If you’ve only seen a few autonomous vehicles on streets in your city lately, that is about to change. According to a leading automotive research and analysis group, the number of self-driving cars on roadways around the globe will increase by 21 million over the next two decades. And, 4.5 million of those vehicles will be in the United States.
To help cities worldwide prepare for this influx of autonomous vehicles, Bloomberg Philanthropies and the Aspen Institute this week announced that three cities in the United States are among the first five of 10 cities worldwide that will benefit from a new initiative to prepare cities for the increasingly growing advent of autonomous vehicles.
The Bloomberg Aspen Initiative on Cities and Autonomous Vehicles has chosen Austin, Texas, Los Angeles and Nashville, Tenn., along with global cities Paris, France, and Buenos Aires, Argentina, as the first five cities with which the initiative will work to help accelerate planning and guidelines for the advent of autonomous vehicles in those cities. An additional five cities will be named as participants later this year. The program will bring together the mayors of those 10 cities for collaborative efforts to set a roadmap for introduction and incorporation of autonomous vehicles in cities around the world.
Former New York City Mayor Michael Bloomberg, founder of Bloomberg Philanthropies, spoke to an international audience at this week’s CityLab conference in Miami. Bloomberg told the crowd that included nearly 40 mayors, many financial experts and public- and private-sector leaders from 35 countries about the plague of expenditures and lost productivity that traffic congestion has caused globally. He pointed to his hometown of New York City as an example, where the former mayor said congestion has cost the city $13 billion in higher prices and lost productivity.
Autonomous vehicles could play a vital role in reducing those types of numbers, and the Bloomberg Aspen Initiative on Cities and Autonomous Vehicles hopes to help cities prepare for the introduction of this huge number of self-driven vehicles internationally. The initiative urges not only collaboration among cities, but collaborative efforts with the private sector as well through public-private partnerships (P3s/PPPs).
There is more to the dawn of autonomous vehicles than mitigating congestion. There will be challenges along the way as well. Automotive-related industries in some cities will become obsolete and delivery and other “driving” jobs could go away. Some cities are likely to see revenue decreases caused by fewer traffic tickets and empty paid parking spaces in city-owned lots. These and other challenges must be addressed by cities now.
That is the goal of the current Bloomberg Aspen Initiative – helping prepare cities worldwide for this new automotive technology. The successful incorporation of autonomous vehicles in to daily life can not only lead to solving congestion problems, but also improving the quality of life for citizens of the world.
The planned collaborative efforts will help produce a set of principles, resources and tools from interaction with experts and through data and other resources that can be spread across cities around the globe.

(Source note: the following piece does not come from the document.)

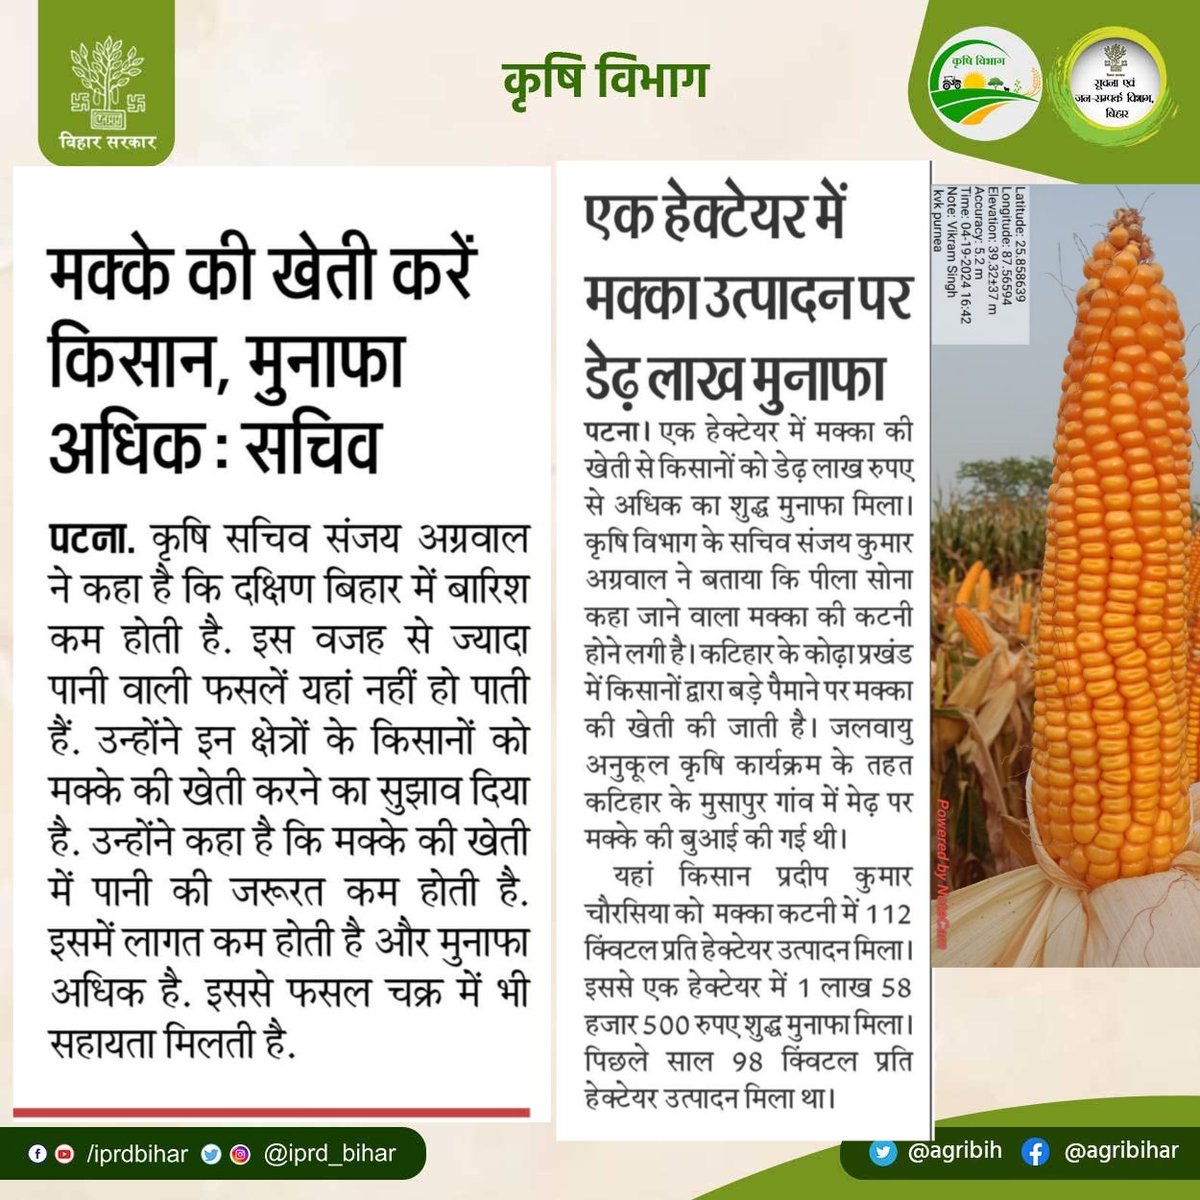 सचिव कृषि विभाग श्री @SAgarwal_IAS जी ने कहा कि मक्के की खेती करें किसान, मक्का की खेती में लागत कम तथा मुनाफा अधिक है। @abhitwittt @BametiBihar @Bau_sabour @Rpcau_pusa @BISA__India @AgriGoI @IPRD_Bihar

Bloomberg called cities “natural sites for collaboration that leads to innovation.” The initiative seeks to develop that collaboration into solutions that result from the interaction of mayors, the technology industry, policy experts, urban planners, mobility experts and others to use autonomous vehicles to better connect cities.
This initiative is the latest of Bloomberg Philanthropies’ series of Government Innovation programs that seek to provide mayors and city leaders with the tools they need to solve challenges in their communities. This global initiative will have far-reaching effects as cities prepare for the emergence of self-driving vehicles and will require collaborative efforts of both the public and private sectors.